### Your goal
Word for word, restate the data that follows, omitting the images.

(Beginning of Dataset excerpt)

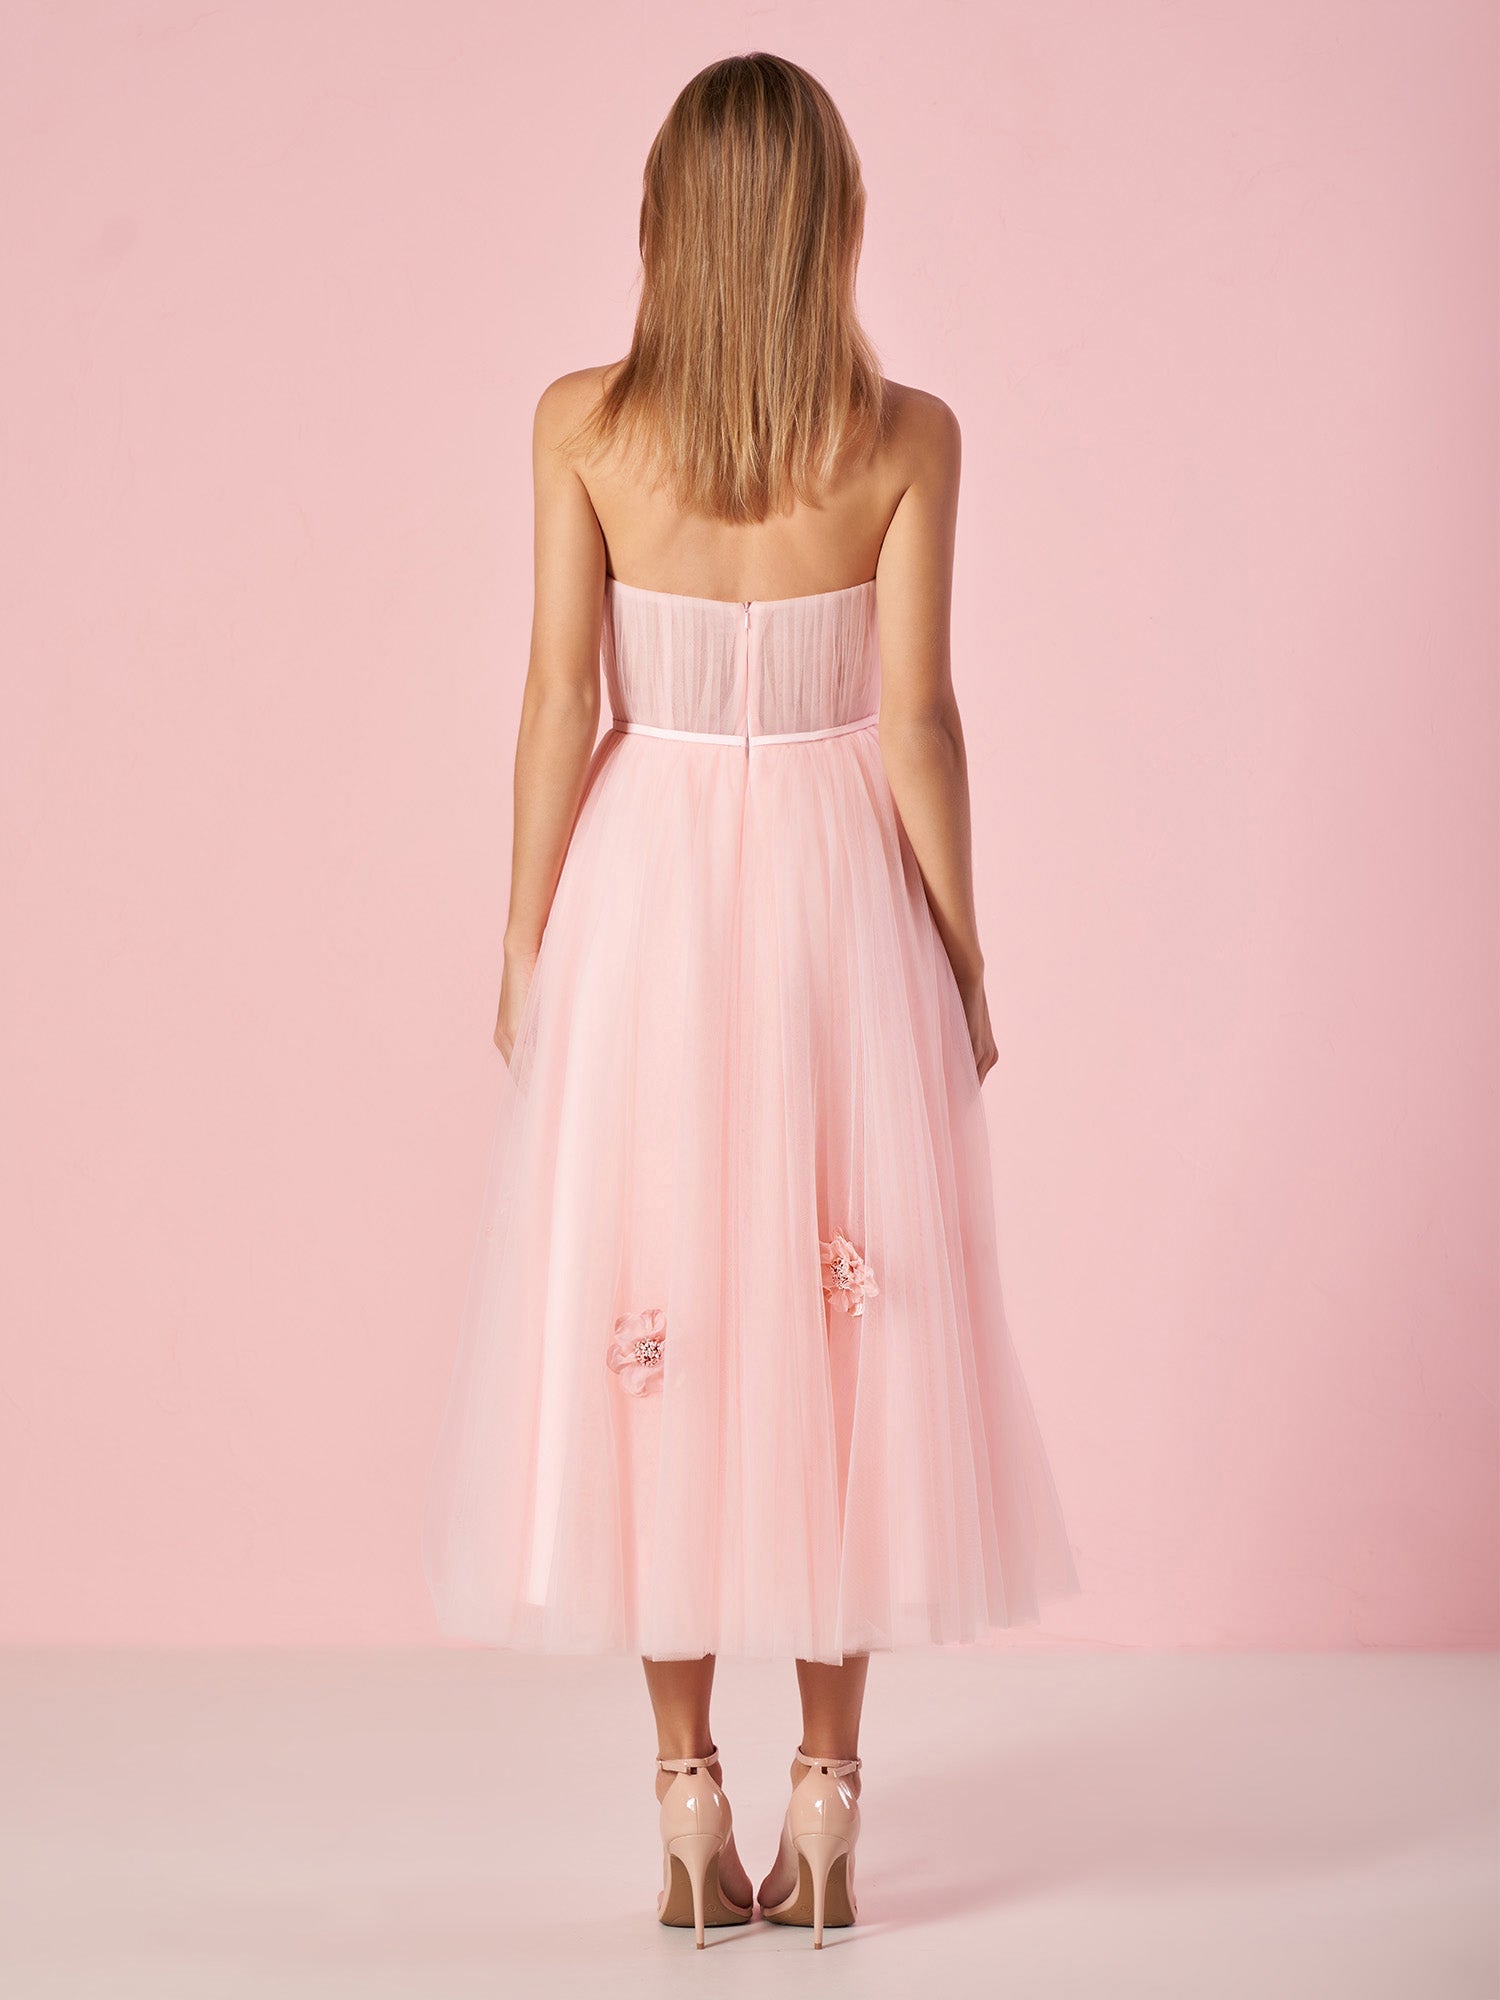 Pandora |Light Pink Princess Strapless Prom Dress with Flowers
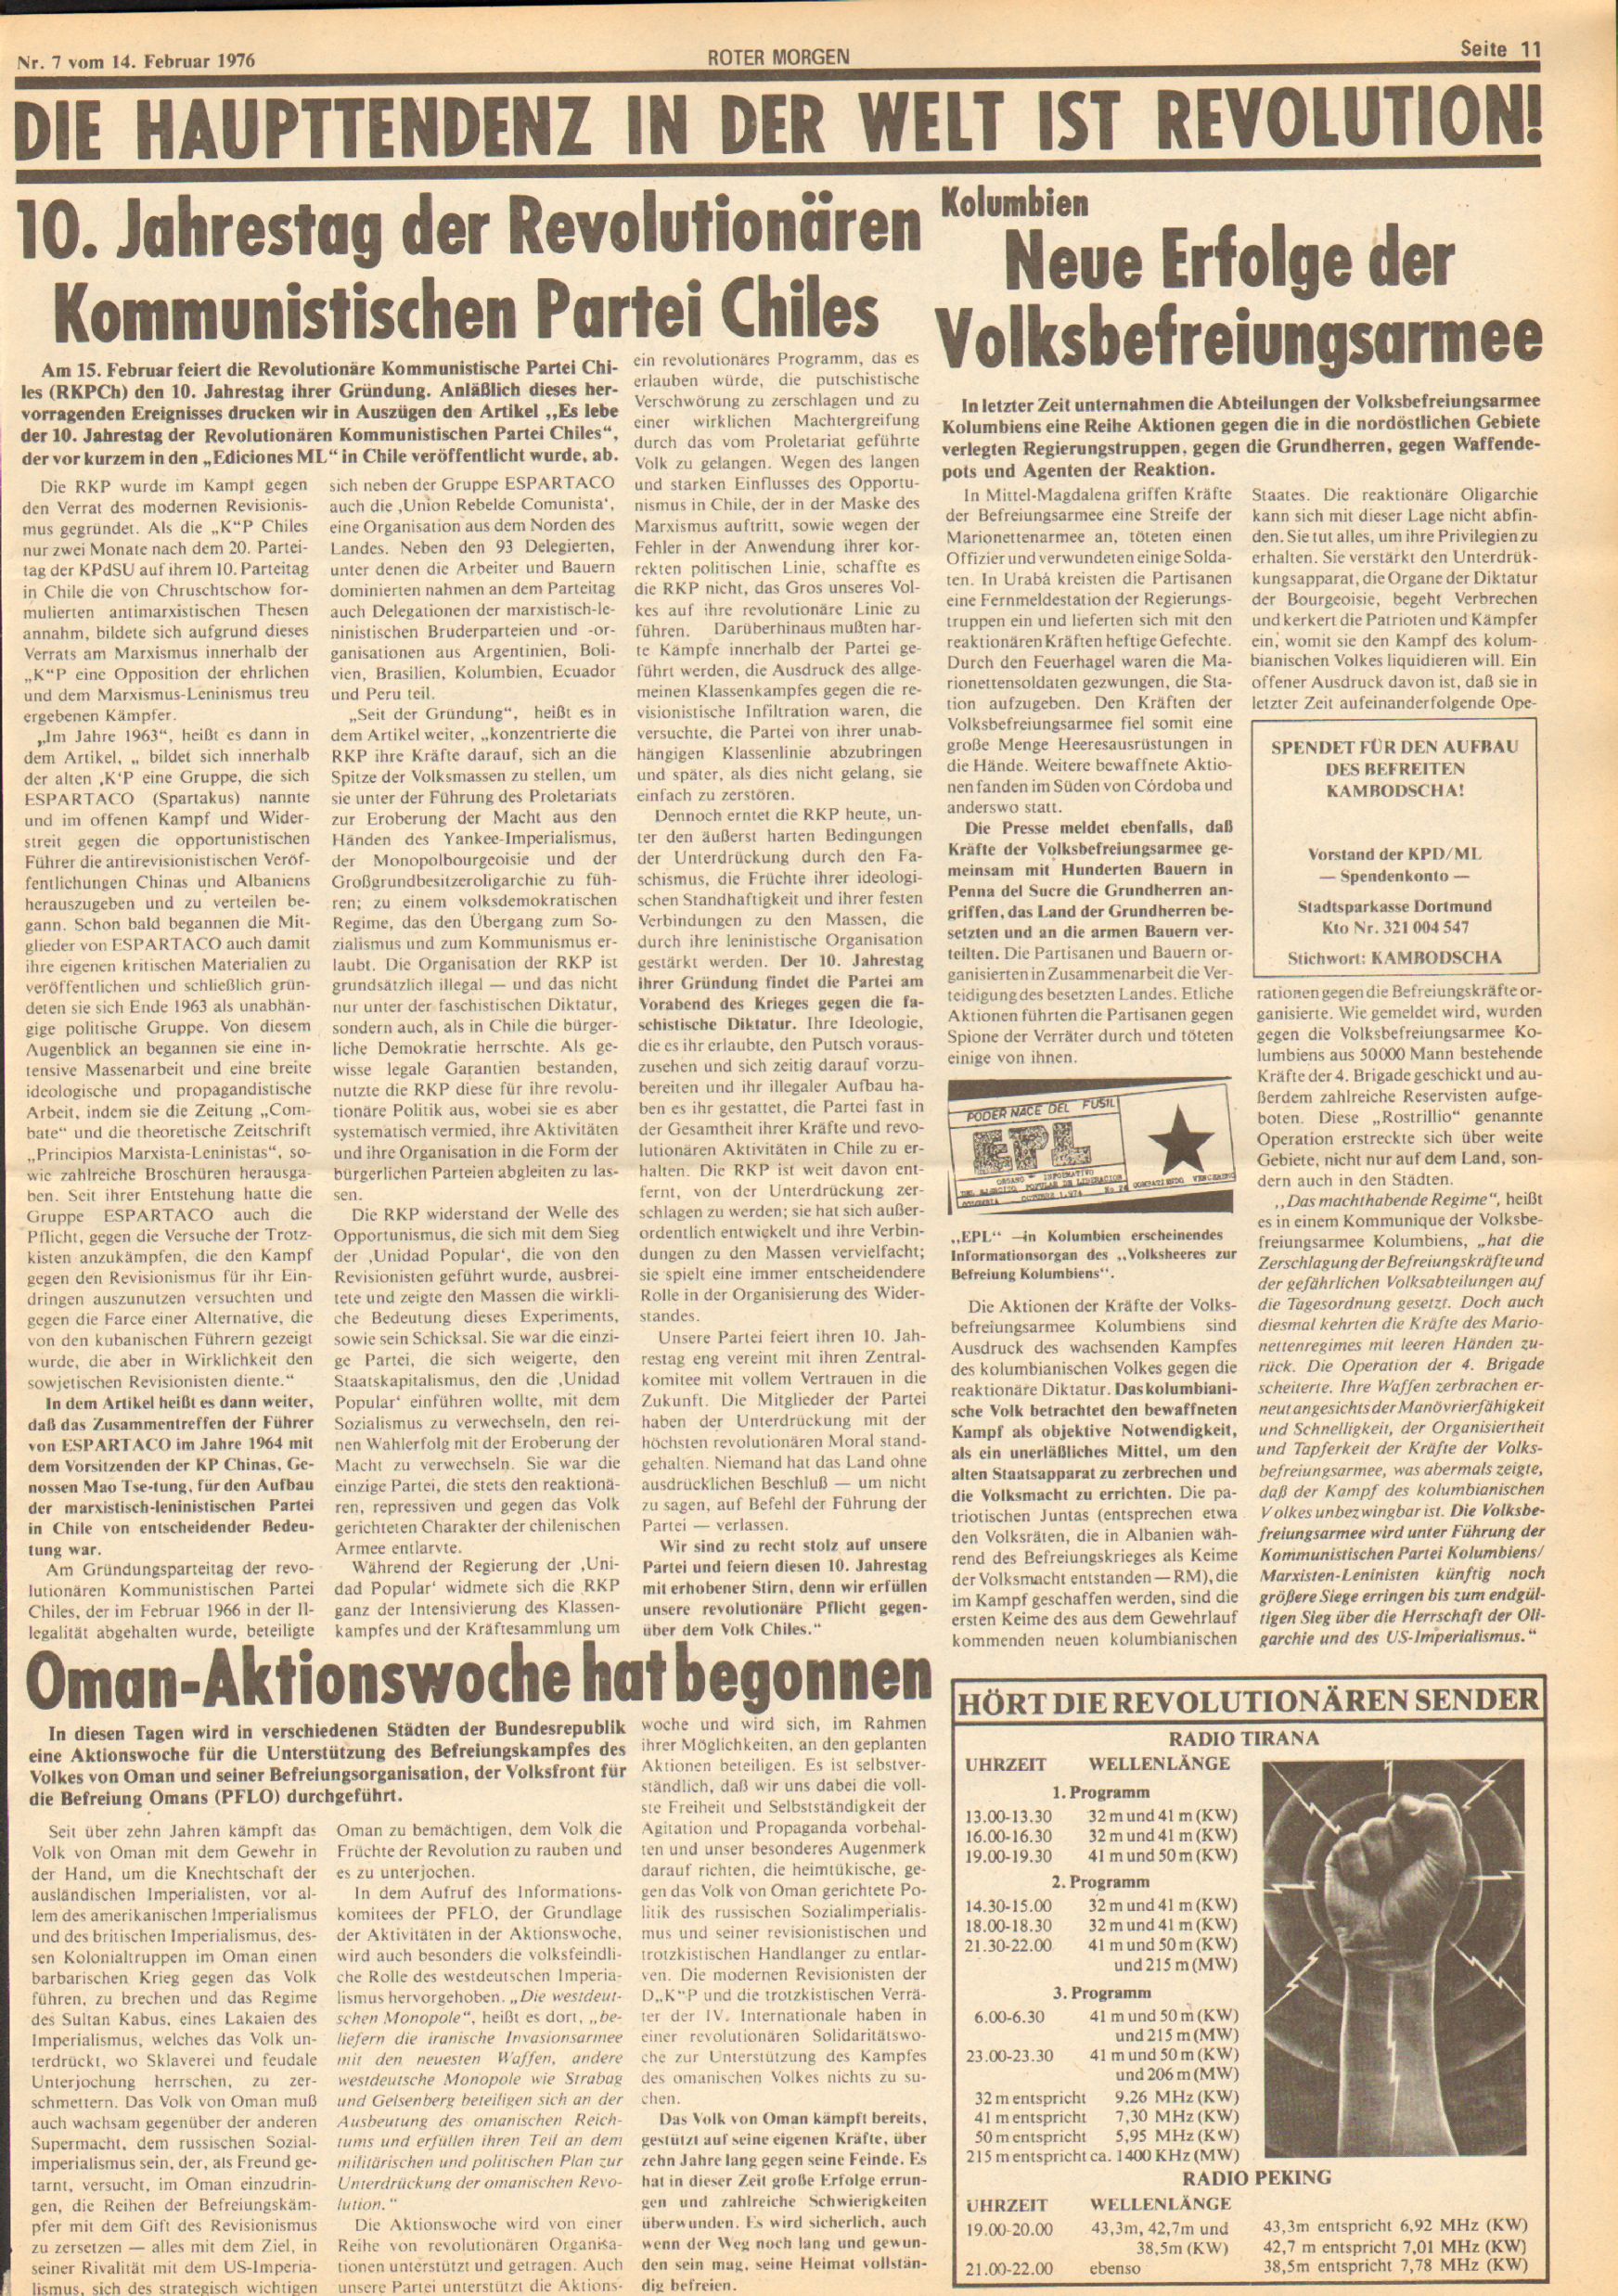 Roter Morgen, 10. Jg., 14. Februar 1976, Nr. 7, Seite 11
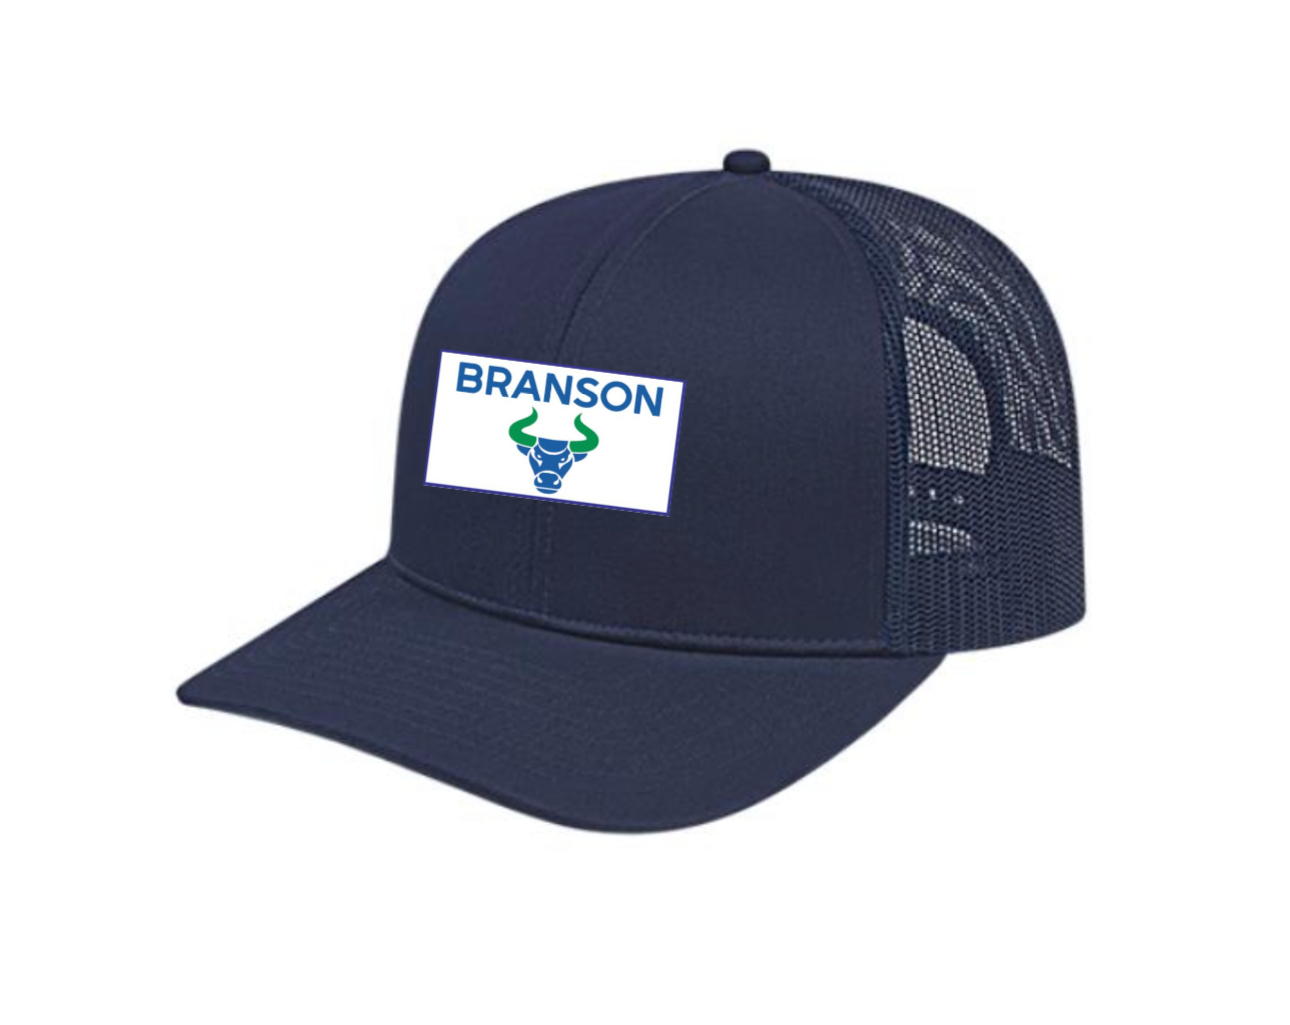 New Navy Branson Trucker Hat

(End of Dataset excerpt)

### Answer to this exercise
 Pandora |Light Pink Princess Strapless Prom Dress with Flowers
 Roter Morgen, 10. Jg., 14. Februar 1976, Nr. 7, Seite 11
 New Navy Branson Trucker Hat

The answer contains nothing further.